Carter points out that another effect of the novel's expansion was the exploration of sex between (usually bisexual) women. Of course, lesbianism was already, scandalously for the time, well-established in Swann's Way. But the extent to which Proust intended to take that was not the driving force that it became in the longer novel. Tadie emphasizes (page 607) that the “integration” of Albertine was not just long new sections regarding her character but writing her into the sections of the novel Proust thought he had finished.
In this manner, Albertine went from being a minor character (and different girl at the time) in what was supposed to be a chapter in the final book of a three-part trilogy into being a major character, more profound than even the Narrator's grandmother.

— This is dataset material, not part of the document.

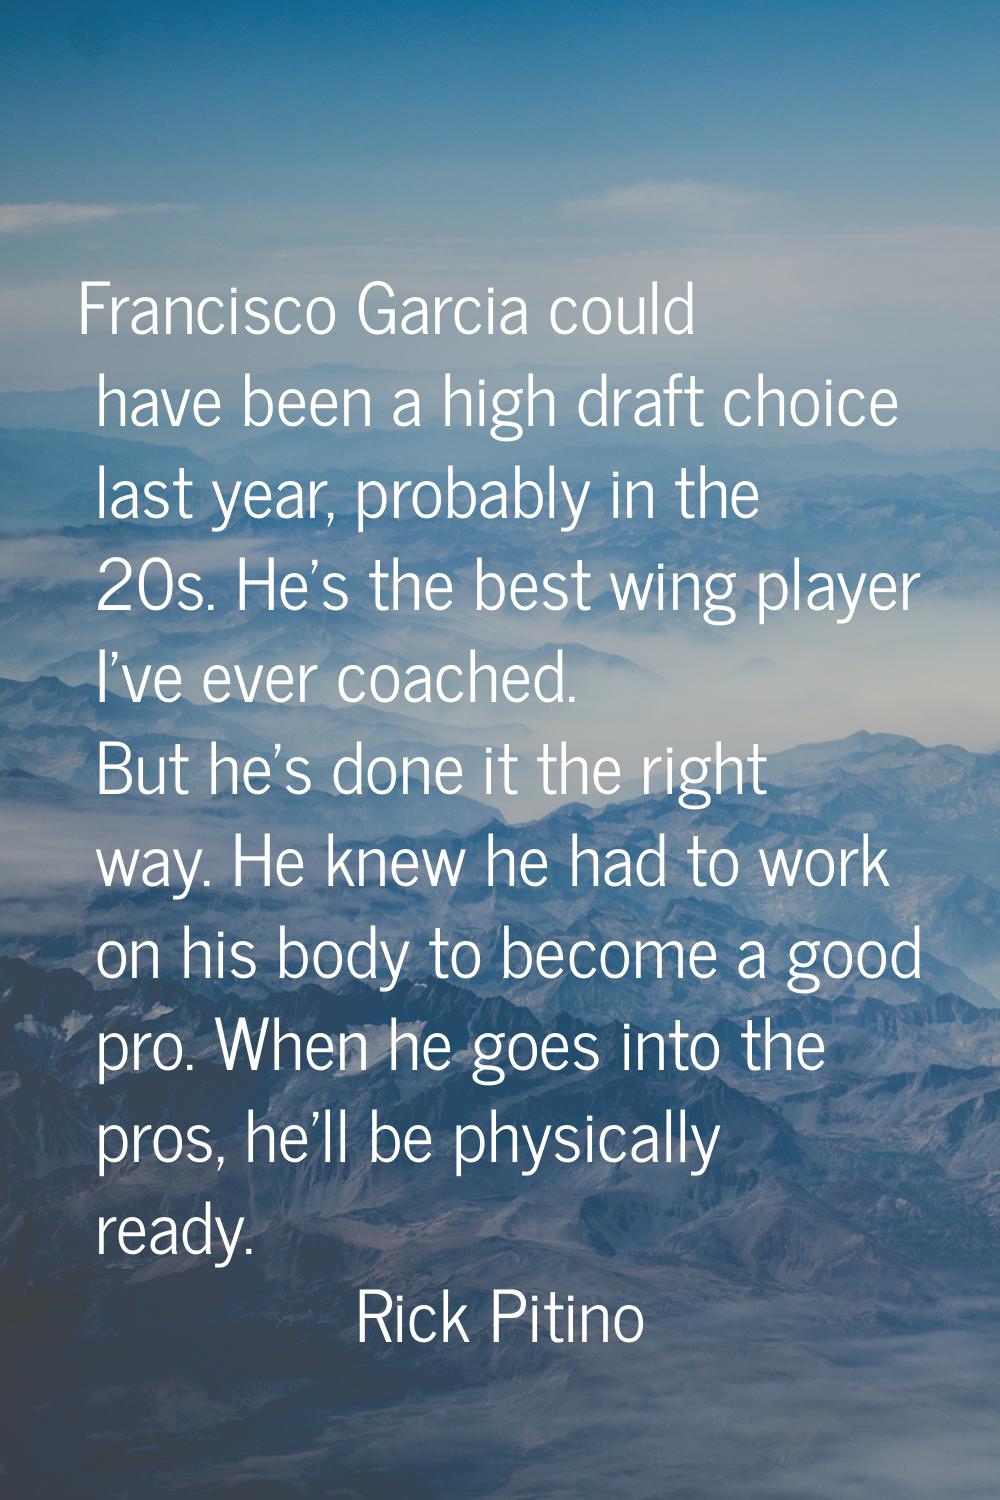 Francisco Garcia could have been a high draft choice last year, probably in the 20s. He's the best

Her story took up about 1,000 extra pages with another 500 or more devoted to expanding other aspects of the novel, particularly its exploration of homosexuality and its incorporation of World War One.

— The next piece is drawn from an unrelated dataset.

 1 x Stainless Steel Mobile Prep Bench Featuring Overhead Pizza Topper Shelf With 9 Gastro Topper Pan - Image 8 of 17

According to the biographies, it is important to recall that this topic was taboo, the act was illegal, and so Proust was worried that his more thorough examination of homoerotic characters would be edited out. Luckily, he was a Frenchman and they are far more tolerant of sexual variations than Americans. While not censored, Moncrieff's first English translation was careful to soften the language of these homoerotic parts and sexuality in general. Kilmartin corrected some of this in 1982. Enright went a bit further in 1992. The newest translations (2004 – 2023) seem to bring it into much sharper view, more straightforward, slightly less poetic, so far.
Proust was the perfect author to turn to after I became so absorbed with Dostoevsky's Notes from Underground. Instead of a novella about a one-dimensional anti-social self-conflicted neurotic with no redeeming qualities, we have a multi-volume multi-dimensional neurotic party boy with great taste and plenty of interesting character traits accented by a few that aren't so attractive. Instead of a narrow vision of the world that Dostoevsky riles against, we have the most expansive expression, examination and embracing of human life and the world possible.
Proust really gives his readers the full depth and breadth of human experience sensually, aesthetically, and philosophically in a manner that rewards reading his large canvas depiction of our humanity as opposed to Dostoevsky's angry, anxiety-induced anti-rationalism. It was and is a most welcome change but, nevertheless, an interesting comparison, revealing what seems to me to be the simple fundamentalist naivety of Notes compared with the vast and enriching sophistication of In Search of Lost Time.